SimonG85 commented 1 year ago

Hi all,

I'm implementing a function to complexify a vector, namely if x is a vector its complexification is equal to x + i*x. I wrote the following function:

pub fn complexification<A, D>(arr: ArrayView<A, D>) -> Array<Complex, Ix1> where A: std::clone::Clone, D: Dimension, { arr.view() .iter() .zip(arr.view().iter()) .map(|(r, i)| Complex::new(r.clone(), i.clone())) .collect::<Array<Complex, _>>() }

Is it possibile to optimize/parallelize this function (maybe with rayon)?

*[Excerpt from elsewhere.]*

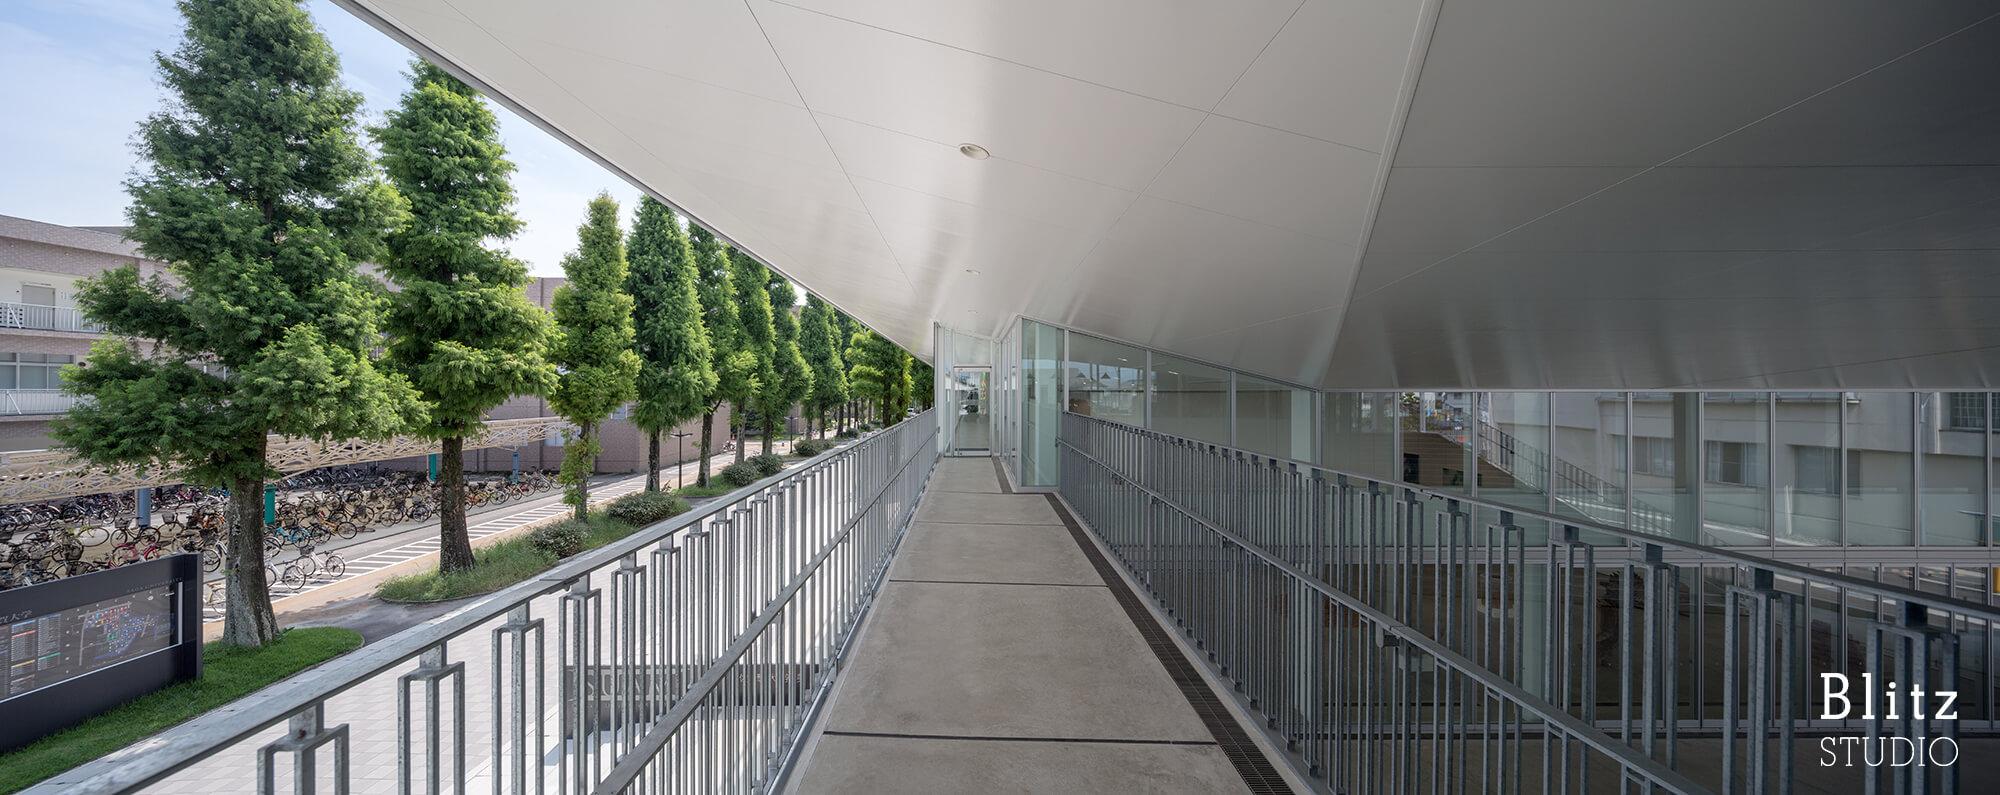 『佐賀大学 美術館』建築写真・竣工写真・インテリア写真12

I'm at the beginning of rust and ndarray.

Thanks

jturner314 commented 1 year ago

This is the simplest way, and I suspect the compiler would do a good job making it fast:

use ndarray::prelude::*;
use num::Complex;

pub fn complexification<A, D>(arr: ArrayView<A, D>) -> Array<Complex<A>, D>
where
    A: Clone,
    D: Dimension,
{
    arr.map(|x| Complex::new(x.clone(), x.clone()))
}

fn main() {
    assert_eq!(
        complexification(aview1(&[1, 2])),
        array![Complex::new(1, 1), Complex::new(2, 2)],
    );
}

I doubt that it would make sense to parallelize this, since it's just copying data around, but if you want to read more about ndarray's parallelization functionality, see here: https://docs.rs/ndarray/0.15.6/ndarray/parallel/index.html

SimonG85 commented 1 year ago

Great advice. As usual, keep it simple!